Ok. I actually drive an electric bus at a u.s. college, we have an all electric fleet of 20 electric buses. Sure it isnt a massive amount, but I believe the opposite about maintenance. They are much simpler to work on, and the batteries actually have a longer life span than the batteries in tesla and such, though I will agree that range is much worse than diesel buses. There are more initial setup costs involved, but in the long run electric will be the way to go.
Conflating lead-acid with lithium ion is a mistake; they're very different technologies. LiIon Battery durability is getting better at a very fast rate, and proper heating/cooling is a big part of that.

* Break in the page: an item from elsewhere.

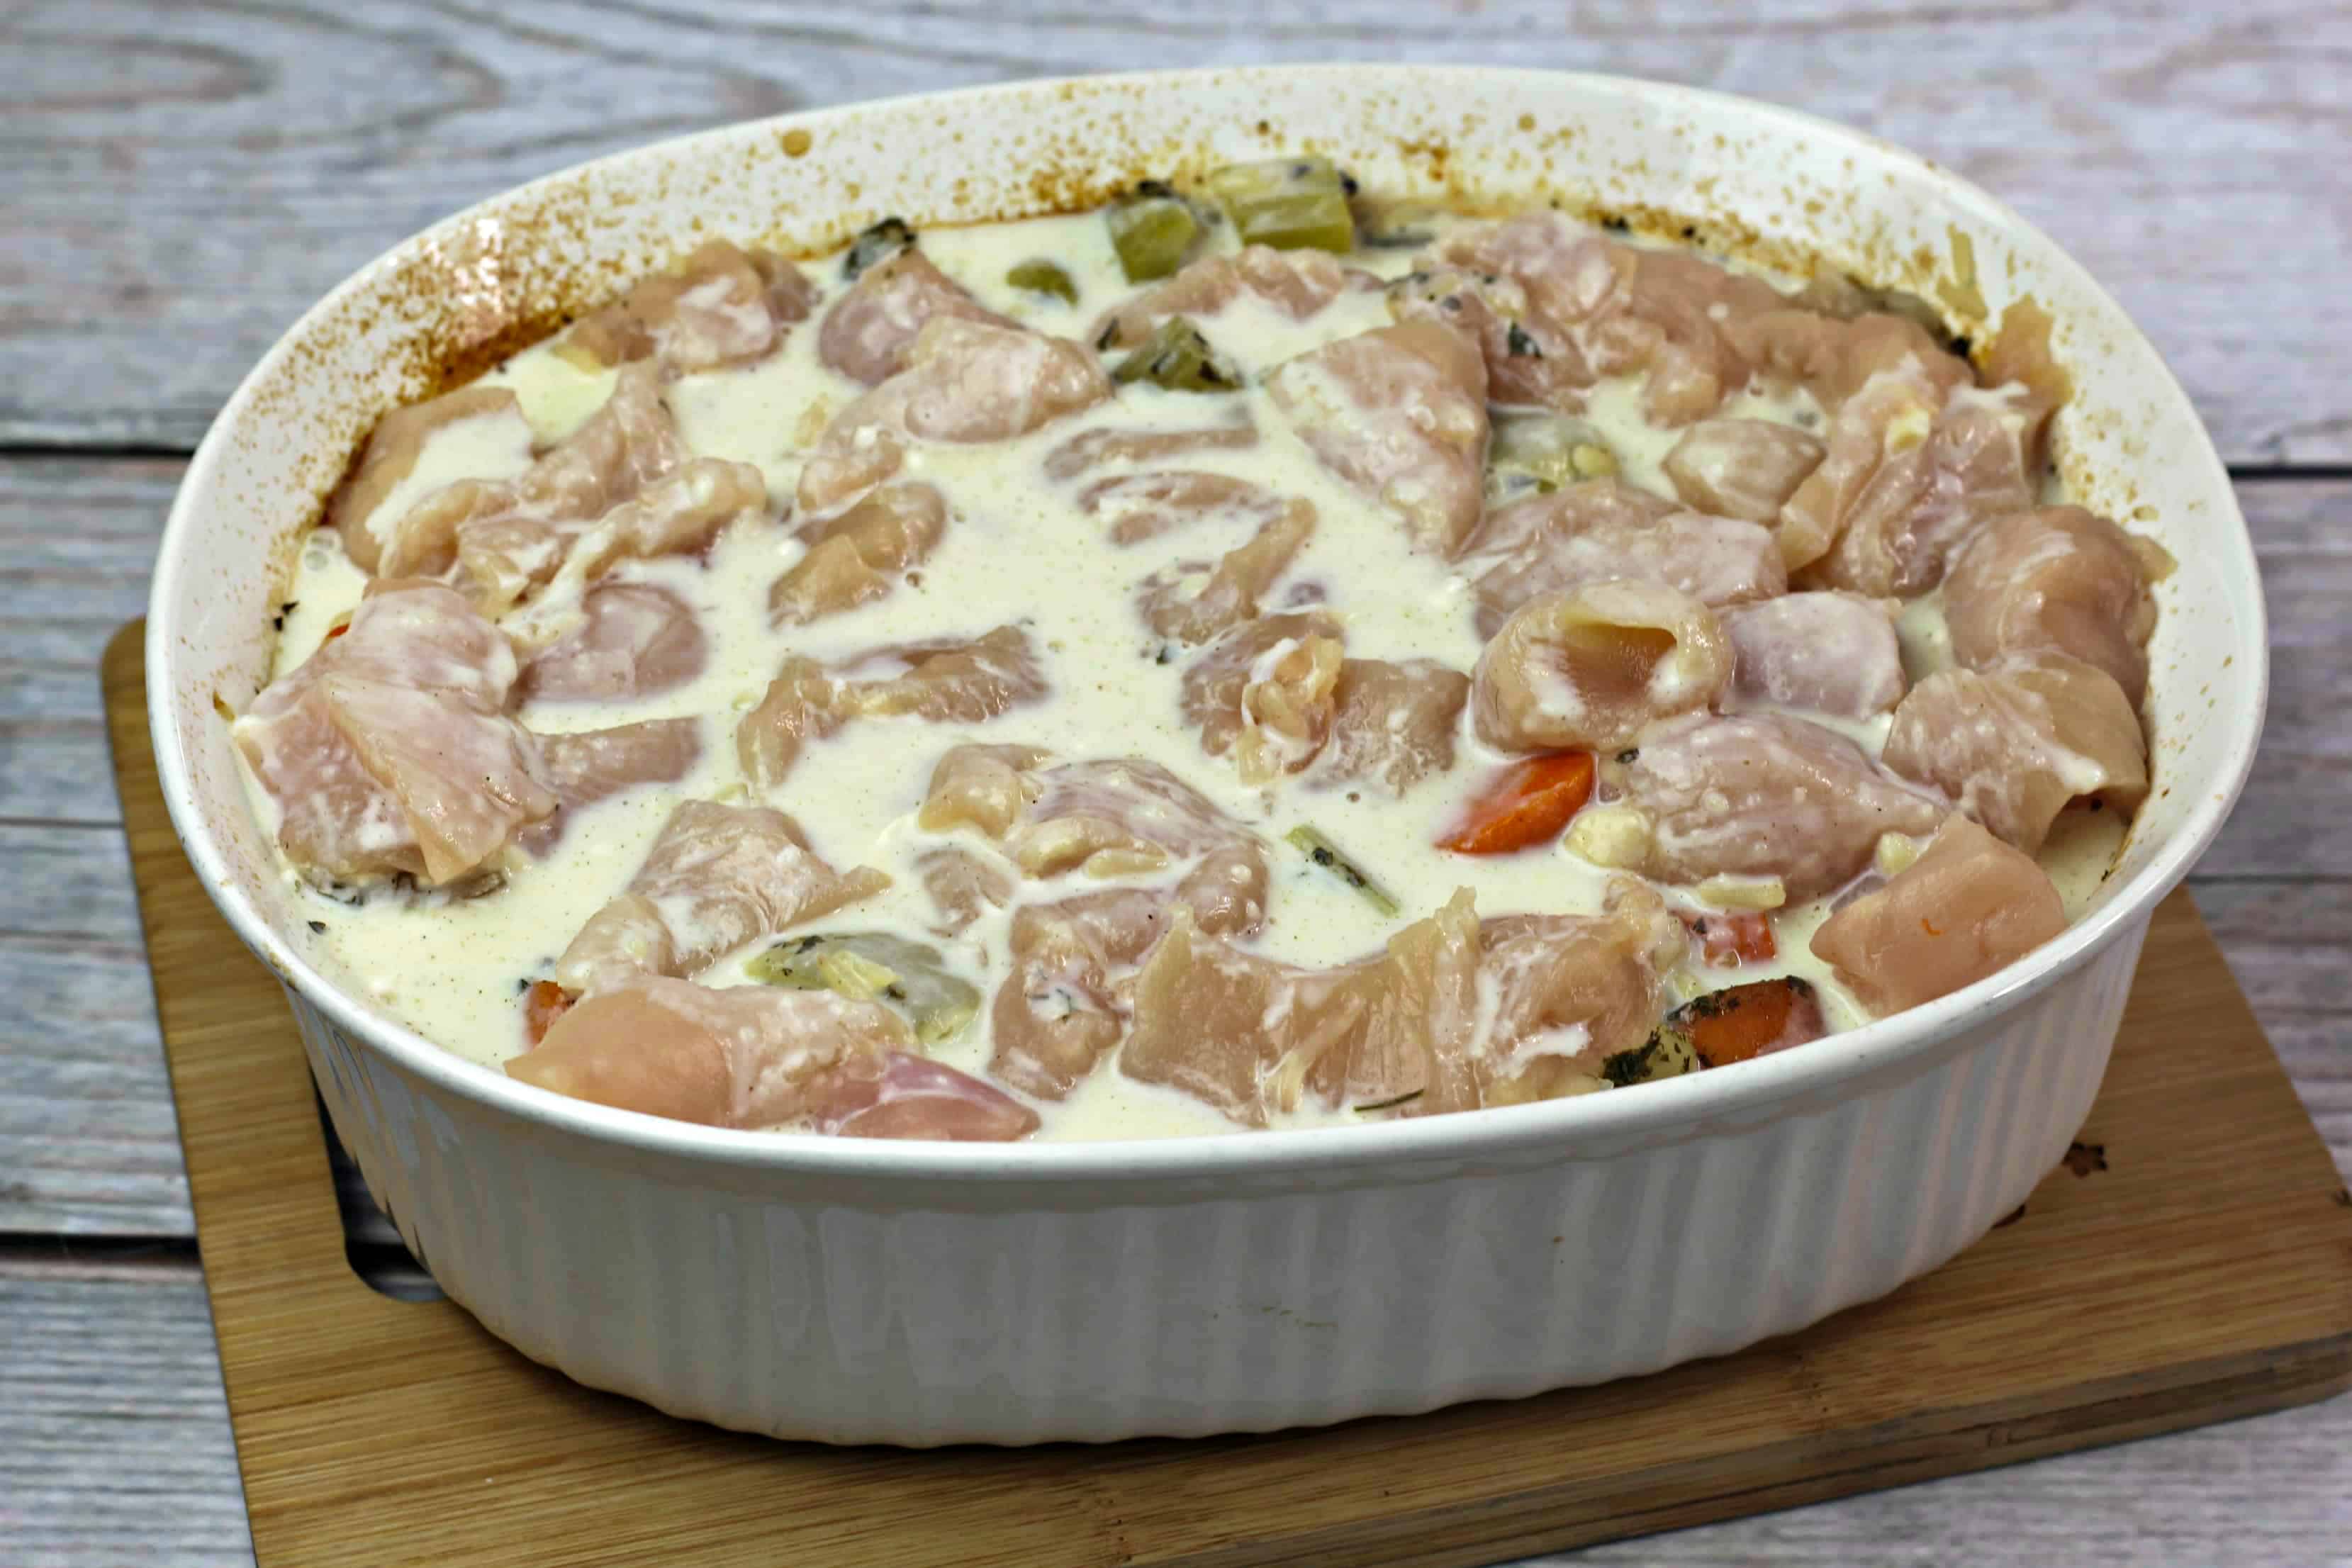 chicken in the casserole dish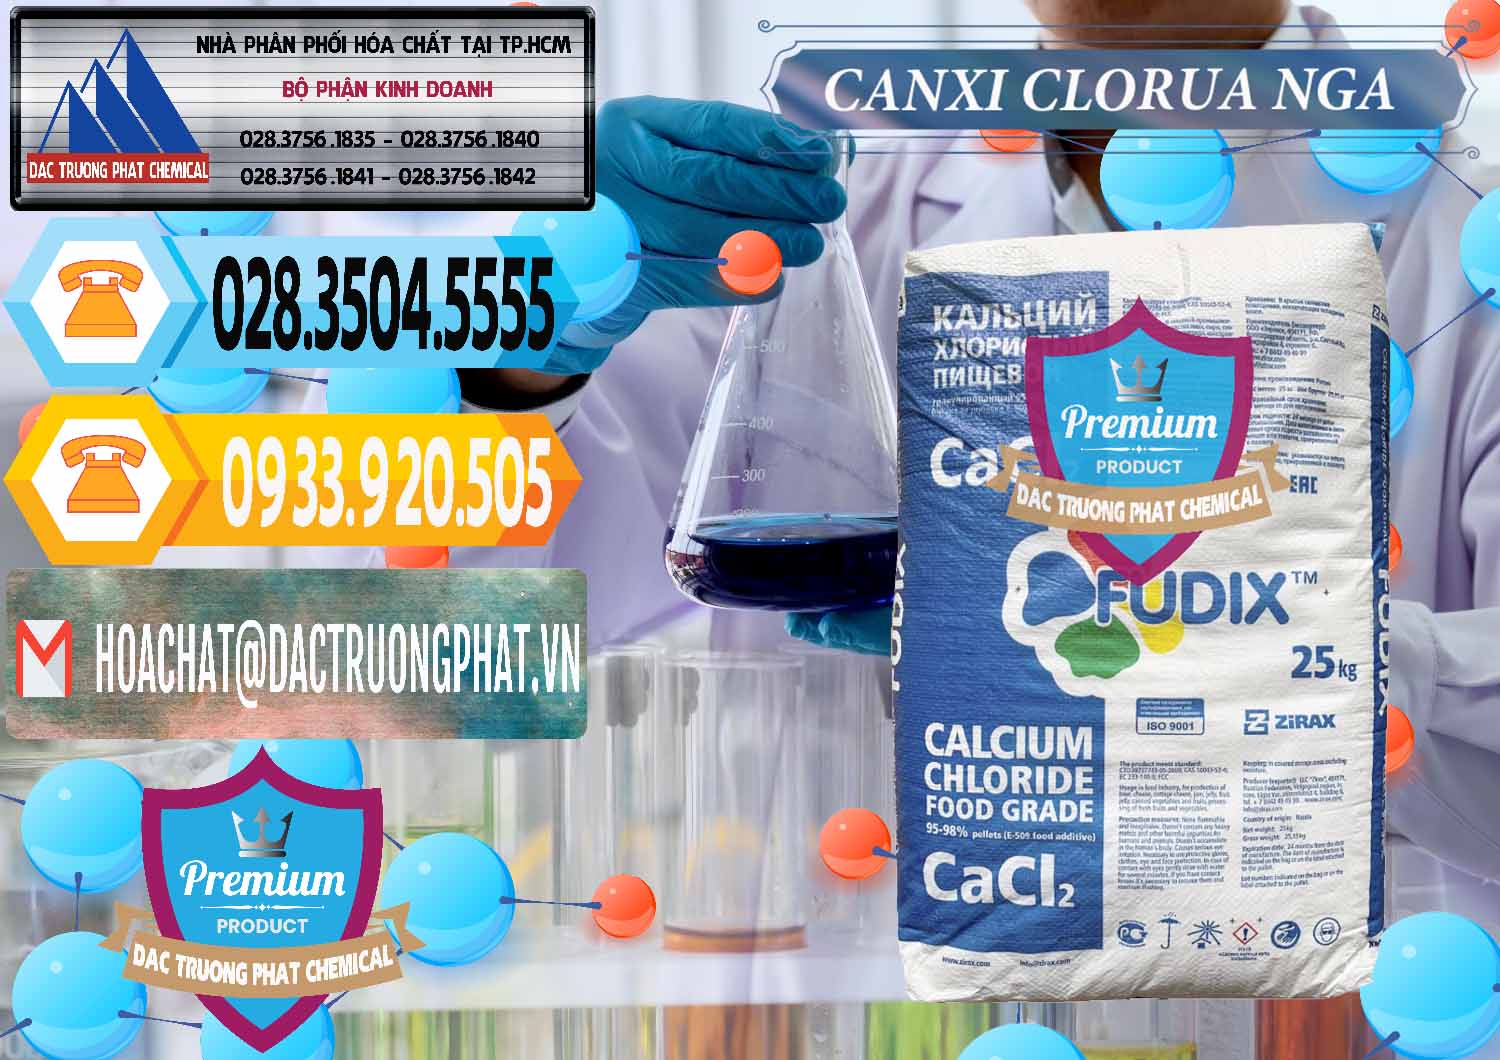 Công ty nhập khẩu _ bán CaCl2 – Canxi Clorua Nga Russia - 0430 - Cung cấp và phân phối hóa chất tại TP.HCM - hoachattayrua.net

But the overall message is sound: you have to commit to a very different infrastructure if you want to make the change. Cities with an aging and/or poorly maintained diesel fleet are going to be better suited to making a 'clean break'.
China is pushing it through because it's a long-term investment. That makes sense for them. That doesn't mean that bus electrification is going to happen rapidly in the US.
China is building whole new cities, and is still rapidly expanding the existing ones. It’s much easier to start from scratch with the latest technology when you don’t always have a big sunk investment in an older system.
Yep, it's the same reason many developing nations don't have any serious landline telephone infrastructure, but everyone has a smartphone. They didn't have landlines before, so as they got richer at the same time cellphones came along, they just skipped over the older technology and went straight to the new one.
Everything here could have been similarly said about the change from horse-drawn buses to internal combustion. Wah - you can't just have a stable-boy feed them hay! Wah - you can't just clean up after them with a broom! Wah - you'll need to train people used to dealing with horses to deal with engines.
I don't think moaning about having to get new tools or training is particularly helpful in the grand scheme of things. If you are going to spend money on new buses, spending money on new tools is a given.
Buses seem like such a no-brainer for electrification, I'd hate to think that we're carrying on with diesel polluting our air and killing us just because the mechanics are losing their shit over having to do something new. Please wake up.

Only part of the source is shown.